2. ## Re: Rewrite a real linear transformation

Hey bkbowser.

You will have to show that if you assume w1 and w2 are real then so must be the rest of the numbers on the LHS.

Because it has to be real linear, then only real numbers should exist in the appropriate coefficients.

Match up real and complex parts and show that this occurs and you should be done.

3. ## Re: Rewrite a real linear transformation

So, $T(x+iy)=\alpha x+\beta y +i(\gamma x -\delta y)$ would have to equal $w_1(x+iy)+w_2(x-iy)$. We can rewrite the second equation as $(w_1+w_2)x+i(w_1-w_2)y$ now match up real and complex parts. First, $(w_1+w_2)x=\alpha x+\beta y$ and $(w_1-w_2)iy=\gamma x +\delta y$...

Do you mean to do this kind of thing?

4. ## Re: Rewrite a real linear transformation

You have to show that the complex parts cancel out for real linear if the vectors are all real numbers and the scalars are all real numbers.

If you can show that with your conjugate then you're done.

5. ## Re: Rewrite a real linear transformation

By the definition of a real linear transformation $T(z)=\alpha x + \beta y + i(\gamma x +\delta y)$. Now follow the hint and use $z=x+iy$ with $x=\frac{z+\bar{z}}{2}$, and $y=\frac{z-\bar{z}}{2i}$: \begin{equation*}\begin{split}T(z) &= \alpha \frac{z+\bar{z}}{2} +\beta \frac{z-\bar{z}}{2i} + i \Big(\gamma \frac{z+\bar{z}}{2} + \delta \frac{z-\bar{z}}{2i}\Big) \\ &= \alpha \frac{z+\bar{z}}{2} -i \beta \frac{z-\bar{z}}{2} + i \gamma \frac{z+\bar{z}}{2} + \delta \frac{z-\bar{z}}{2} \\ 2T(z)& = \alpha (z+\bar{z}) -i \beta( z-\bar{z}) + i \gamma (z+\bar{z}) + \delta (z-\bar{z}) \\ &= \alpha z +\alpha \bar{z} - i \beta z + i \beta \bar{z} +i\gamma z + i \gamma \bar{z} +\delta z - \delta \bar{z} \\ T(z) &= \frac{\alpha-i\beta-i\gamma+\delta}{2}z+\frac{\alpha +i\beta+i\gamma - \delta}{2} \bar{z}.\end{split}\end{equation*}

Set $$w_1=\frac{\alpha-i\beta-i\gamma+\delta}{2} \:\:\:\: \text{ and, } \:\:\:\: w_2 =\frac{\alpha +i\beta+i\gamma - \delta}{2}.$$

All that remains to be shown is the uniqueness of $w_1$, and $w_2$. Clearly if the real scalars $\alpha,\beta,\gamma,$ and $\delta$ were uniquely determined by $T$ then this would imply that $w_1$, and $w_2$ would be unique. But then this follows easily from the assumption that there exists $\epsilon,\zeta,\eta$ and $\theta$ such that $T \sim \begin{pmatrix}\epsilon & \zeta \\ \eta & \theta\end{pmatrix}$ since $$\begin{pmatrix}\alpha & \beta \\ \gamma & \delta \end{pmatrix}=\begin{pmatrix}\epsilon & \zeta \\ \eta & \theta\end{pmatrix} \iff \begin{pmatrix}\alpha & \beta \\ \gamma & \delta \end{pmatrix}- \begin{pmatrix}\epsilon & \zeta \\ \eta & \theta\end{pmatrix} = 0$$implies $\alpha = \epsilon$, $\beta = \zeta$, $\gamma = \eta$, and $\delta=\theta$.
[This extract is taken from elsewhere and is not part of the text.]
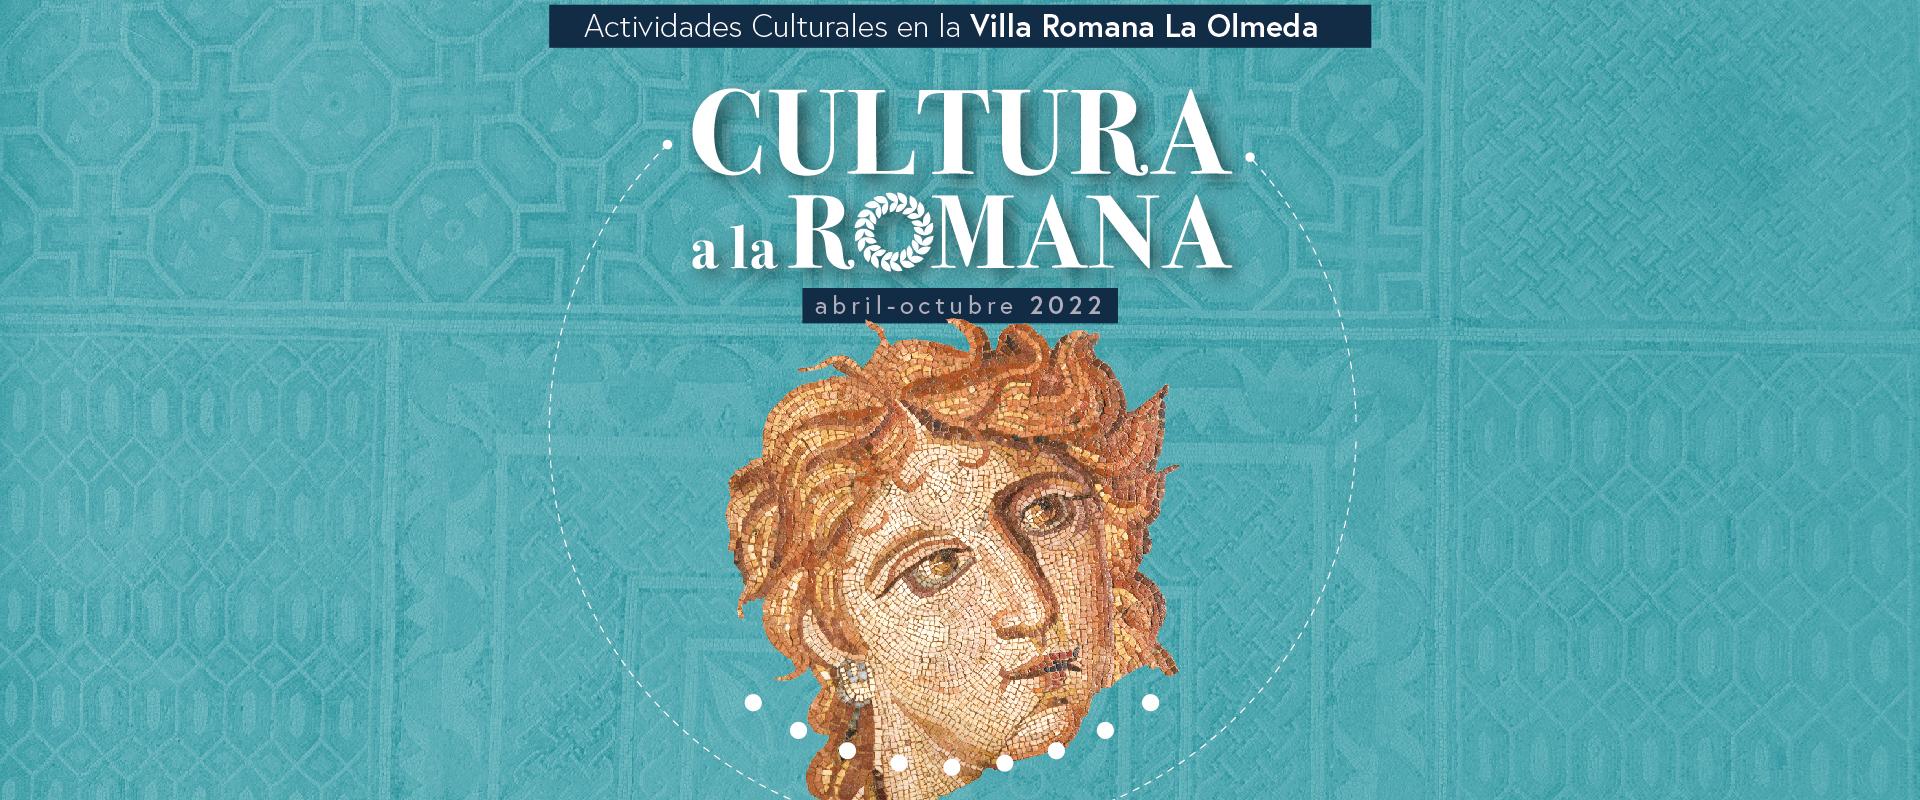 cultura a la romana programa de actividades talleres y eventos diversos en La Olmeda y su museo de abril a octubre

6. ## Re: Rewrite a real linear transformation

$T=w_1 I+w_2 \bar{I}$ implies

$T(1)=w_1+w_2$ and $T(i)=w_1 i-w_2 i$

$w_1=\frac{1}{2} (T(1)-i\text{ }T(i))$ and

$w_2=\frac{1}{2} (T(1)+i\text{ }T(i))$

which proves uniqueness

To complete the proof

$T(z)=T(x+i y)= x T(1) + y T(i)$

$=x\left(w_1+w_2\right)+ y \left(w_1 i-w_2 i\right)$

$=w_1(x+i y)+w_2(x-i y)$

$=w_1I(z)+w_2\bar{I}(z)$